I heat up the kettle and make myself a cup of tea, sipping it slowly and sitting up on the counter, legs swinging in the air. I grab an apple sitting in a basket to my left and start munching on it. The mixing bowel is drying on the rack, and I think of the time Hange and I made cookies together. 

God, it was so long ago now. I smile sadly, the happy memories washing over me. I remember how cute she looked all covered in flour. I chew my lip, looking at the bag of flour poking out of the cupboard. 

After a moment of contemplation I shrug and sigh, baking always helped me relax anyway. 

I grab the mixing bowel and take out the flour, sugar, eggs, and other ingredients measuring them out and putting them in the bowel. It doesn't take long until the mixture is all made and in little balls on the baking tray. I slot them into the oven, setting the kitchen timer, and start on tidying up. 

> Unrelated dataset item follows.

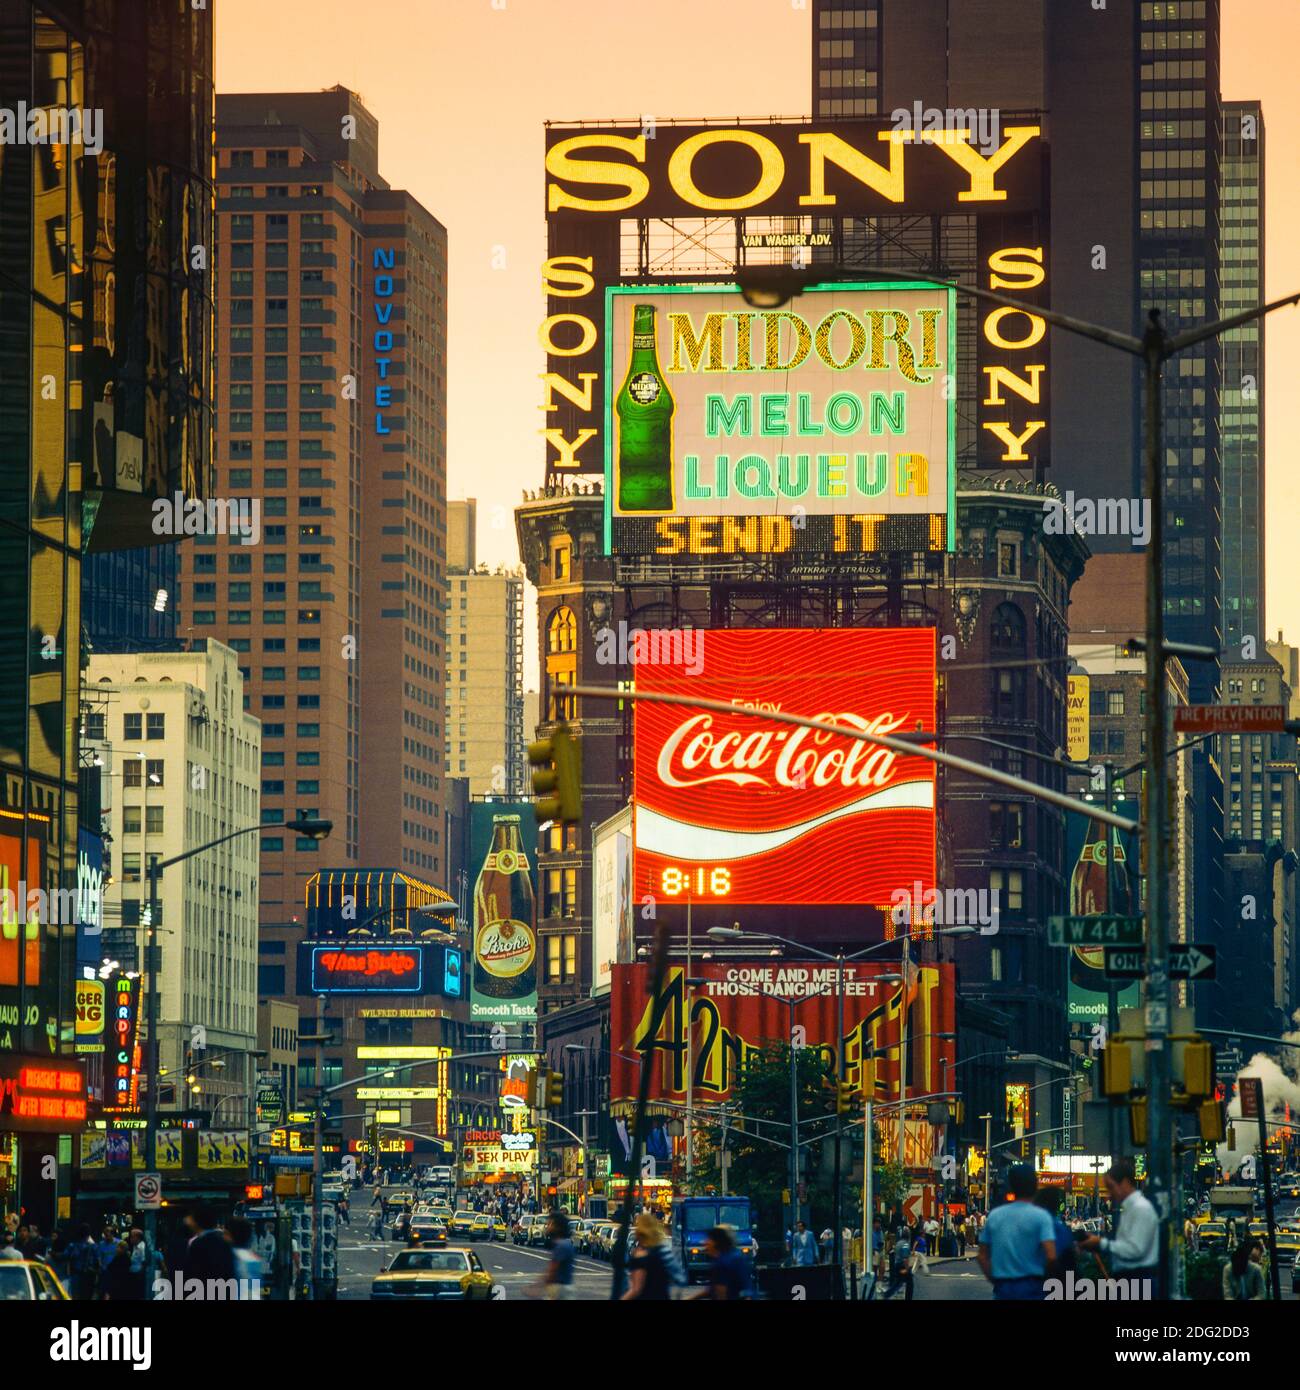 New York 1985, Times Square al crepuscolo, insegne pubblicitarie illuminate, automobili, persone, Midtown Manhattan, New York City, NY, New York, USA, Foto Stock

By the time I'm finished with the cleaning, the cookies are done. I take them out of the oven, they're piping hot, and put them on a plate. They smell delicious and my mouth starts to water, I feel some of the weight lift of my shoulders. Just a small bit, just for a second. 

I refill my water flask and leave the kitchen, turning off the lights and shutting the door with a soft click behind me. I nibble on one of the cookies as I make my way down the halls. Moving on muscle memory, mind going blank and empty. 

I wander through halls until I stop, looking around and realising that I'm not at my bedroom. I'm outside Hange's office. I blink at her door, at the little plaque engraved with her name on it nailed into the wood.